Other transplant experts praised the Maryland team’s groundbreaking work. They said Bennett’s death shouldn’t derail efforts to find a way to use animal organs to save human lives.
“This was a first step into uncharted territory,” said Dr. Robert Montgomery of NYU Langone Health, a transplant surgeon who received his own heart transplant. “A tremendous amount of information” will contribute to the next steps as teams at several transplant centers plan the first clinical trials.
“It was an incredible feat that he was kept alive for two months and was able to enjoy his family,” Montgomery added.
Another source of organs is desperately in need. Last year, almost 41,000 transplants were performed in the United States, a new high, with roughly 3,800 heart transplants. However, more than 106,000 people remain on the national waiting list, hundreds die each year while waiting for an organ. Many more are never on the list because it is likely too risky.
The spectacular Maryland experiment of pig heart transplant got approval by the Food and Drug Administration. It was under “compassionate use” restrictions for emergencies. Bennett’s doctors diagnosed him with heart failure and an irregular heartbeat, as well as a history of disobeying medical orders. The authorities ruled him ineligible for either a human heart transplant. Thus, it necessitates the usage of immunosuppressive medications or an implanted heart pump, which is the only other option.
Insights
“We have gained invaluable insights learning that the genetically modified pig heart can function well within the human body while the immune system is adequately suppressed,” said Dr. Muhammad Mohiuddin, scientific director of the Maryland university’s animal-to-human transplant program, after hearing about Bennett’s experience.
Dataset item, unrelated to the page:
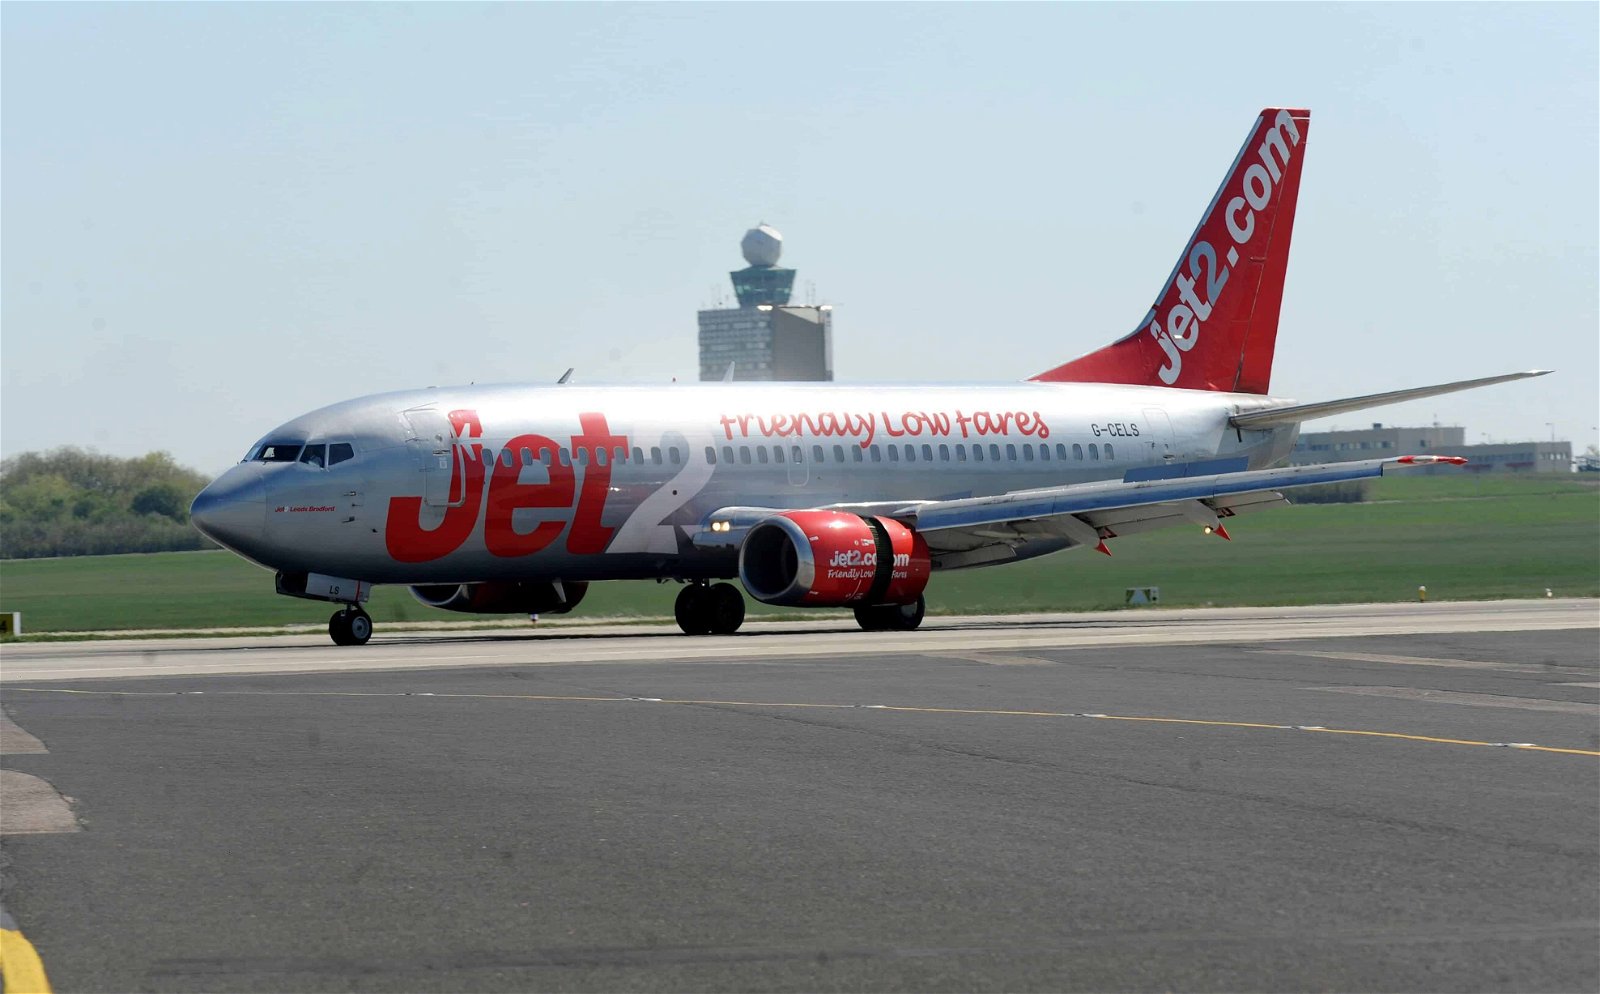 Een vliegtuig van low cost-maatschappij Jet2.com rijdt over de tarmac.

Any transplant recipient faces the danger of organ rejection, infections, and other problems. Experts hope that the Maryland team publishes the results of Bennett’s body’s reaction to the pig heart as soon as possible in a medical journal.
Furthermore, what data from Bennett’s experience and other recent research with gene-edited pig organs might persuade the FDA to allow a clinical trial; perhaps with a kidney that isn’t immediately lethal if it fails?
Pigs and human medicine
Montgomery’s team at NYU received permission from the families of deceased individuals twice last fall to temporarily link a gene-edited pig kidney to blood arteries outside the body and observe how they functioned before turning off life support. In a step-by-step rehearsal for a surgery, they intend to undertake in living patients later this year. Doctors at the University of Alabama at Birmingham transplanted a pair of gene-edited pig kidneys into a brain-dead man.
Patients may interpret Bennett’s death as implying that xenotransplantation has a short life expectancy. But the experience of one terminally sick individual cannot indicate how well the surgery will ultimately function, according to ethics expert Karen Maschke of The Hastings Center. This will necessitate extensive research involving a large number of patients.
According to Maschke, who is developing ethics and policy recommendations for who should be permissible in the first studies of pig kidneys and what they need to know before volunteering with funding from the National Institutes of Health, transplant centers should start educating their patients about what to expect as this science develops.
Pigs have been in use in human medicine for a long time, including pigskin grafts and pig heart valve implantation. Transplanting complete organs, on the other hand, is far more difficult than using highly processed tissue. Revivicor, a subsidiary of United Therapeutics, donated the gene-edited pigs utilized in these tests. Revivicor is one of several biotech companies competing to generate appropriate pig organs for prospective human transplants.